I guess, he just didn't see it her way.

"I'm sorry, Madame," the elderly man apologized earnestly, "but, I speak little English."

"No, no, you can't leave" Bulma pleaded, "They're holding me captive. Cap-tive."

"No choco-milk."

"No, cap-tive," Bulma attempted once more, "Kidnapped!"

"No choco-milk!"

"I don't want your damn `choco-milk'," she screeched in fury, "I want you to learn English. Come back and listen to me. Then, save me!"

The un-pleasant milkman simply turned away from her, walking with a crooked step towards his small automobile.
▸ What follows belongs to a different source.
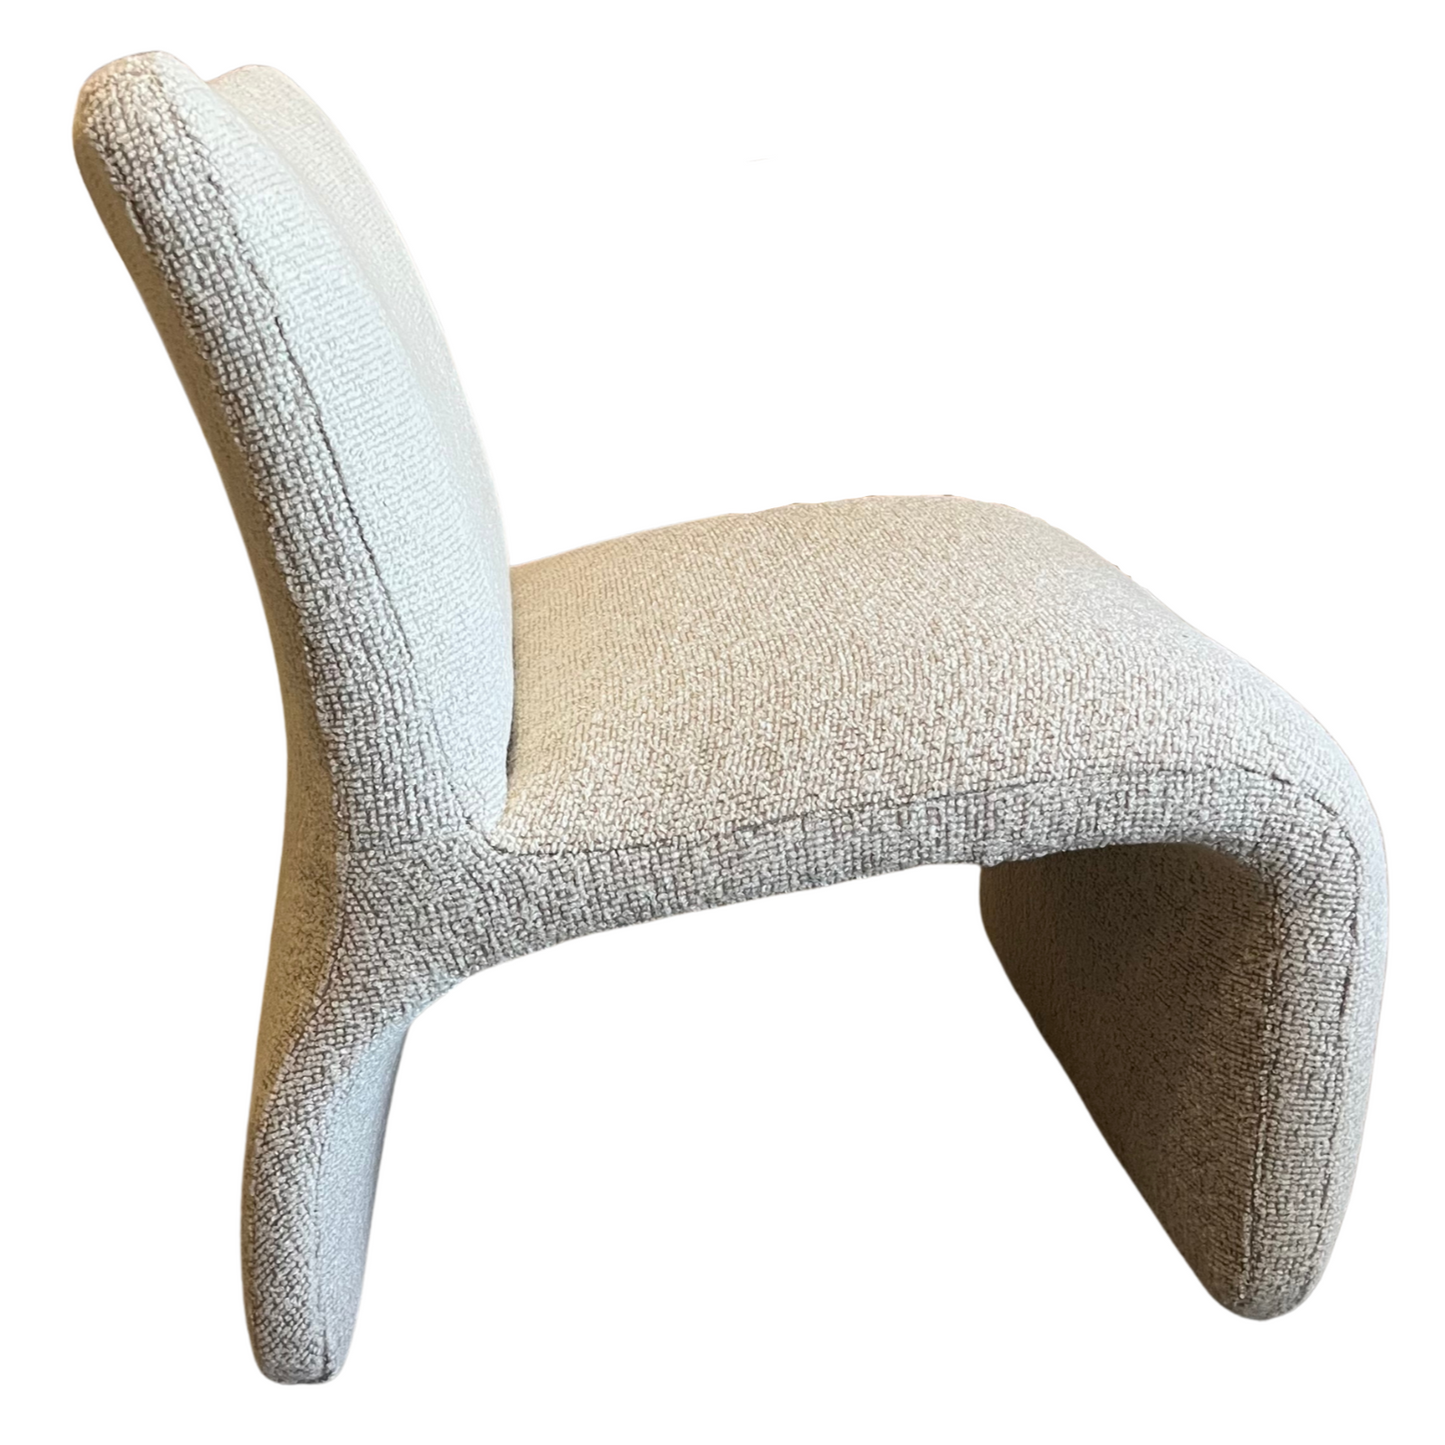 Vladimir Kagan for Preview Sculptural Chairs
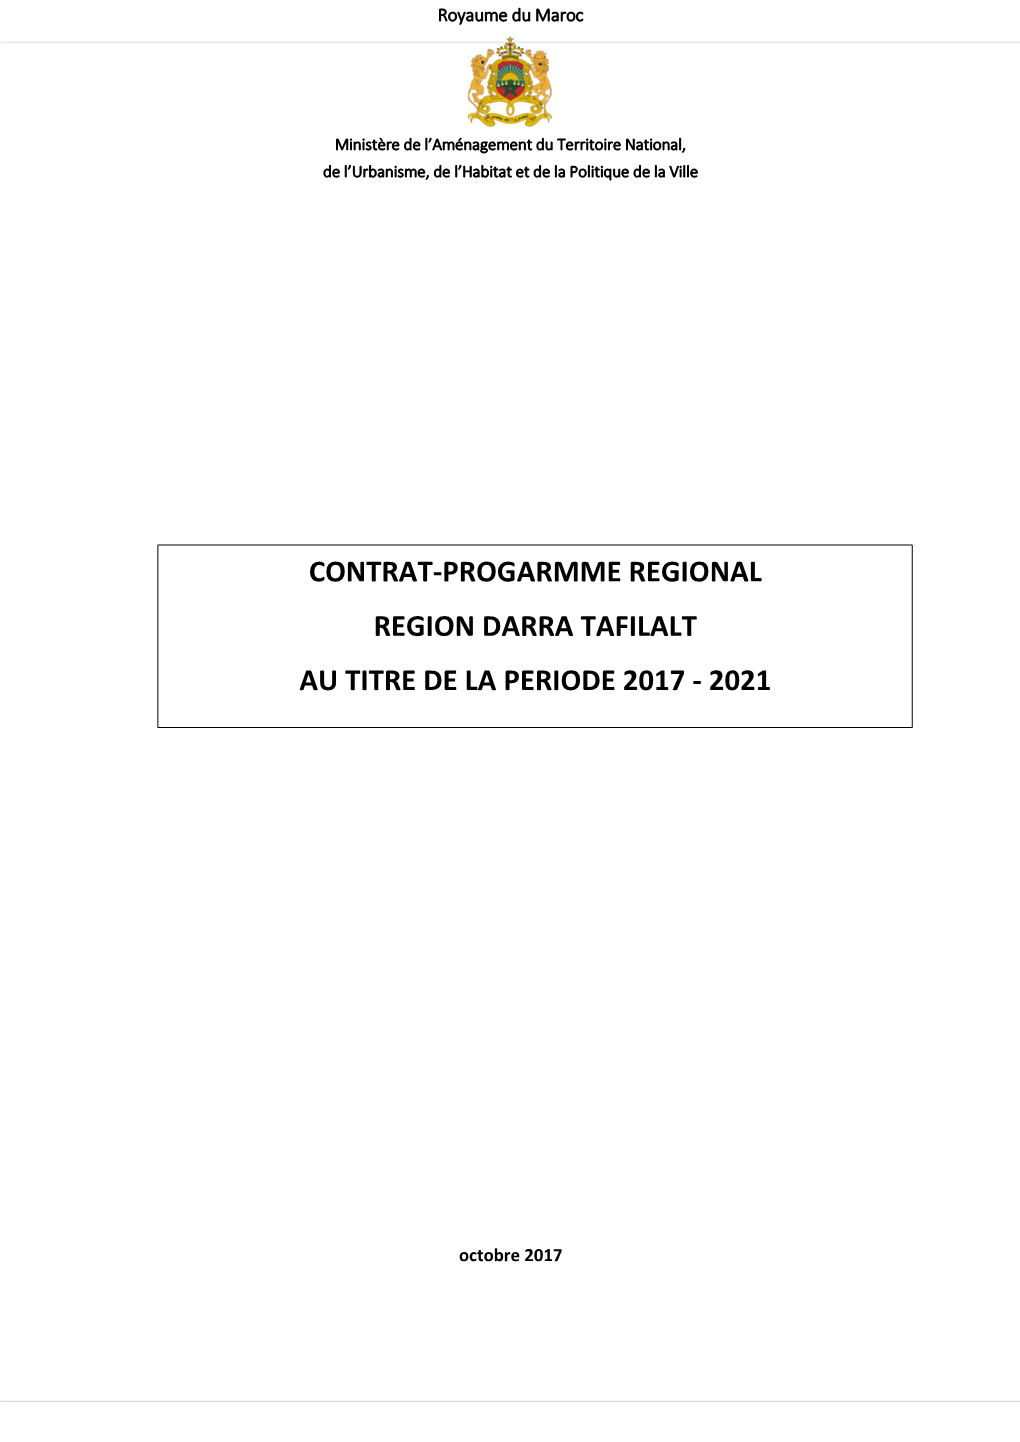 Contrat-Progarmme Regional Region Darra Tafilalt Au Titre De La Periode 2017 - 2021

Without sparing a back-glance, the man started his age-withered car and made his way out of her sight.

But that didn't mean to say she hadn't seen the quick turn he made to the front of the estate.

With an agitated gasp, Bulma pulled herself back through the window and rushed to greet the old bastard at the front door. Her high heeled shoes proved to be a real nuisance as she tried to make record time down the steps of the staircase, but after tripping several times, they appeared to be a risk to her welfare. So, she sent them on their way in front of her, throwing them down the staircase, where they, in turn, tumbled all the way to the greeting hall. Precisely where she intended to be.

Obviously, she wasn't the only one with that thought in mind.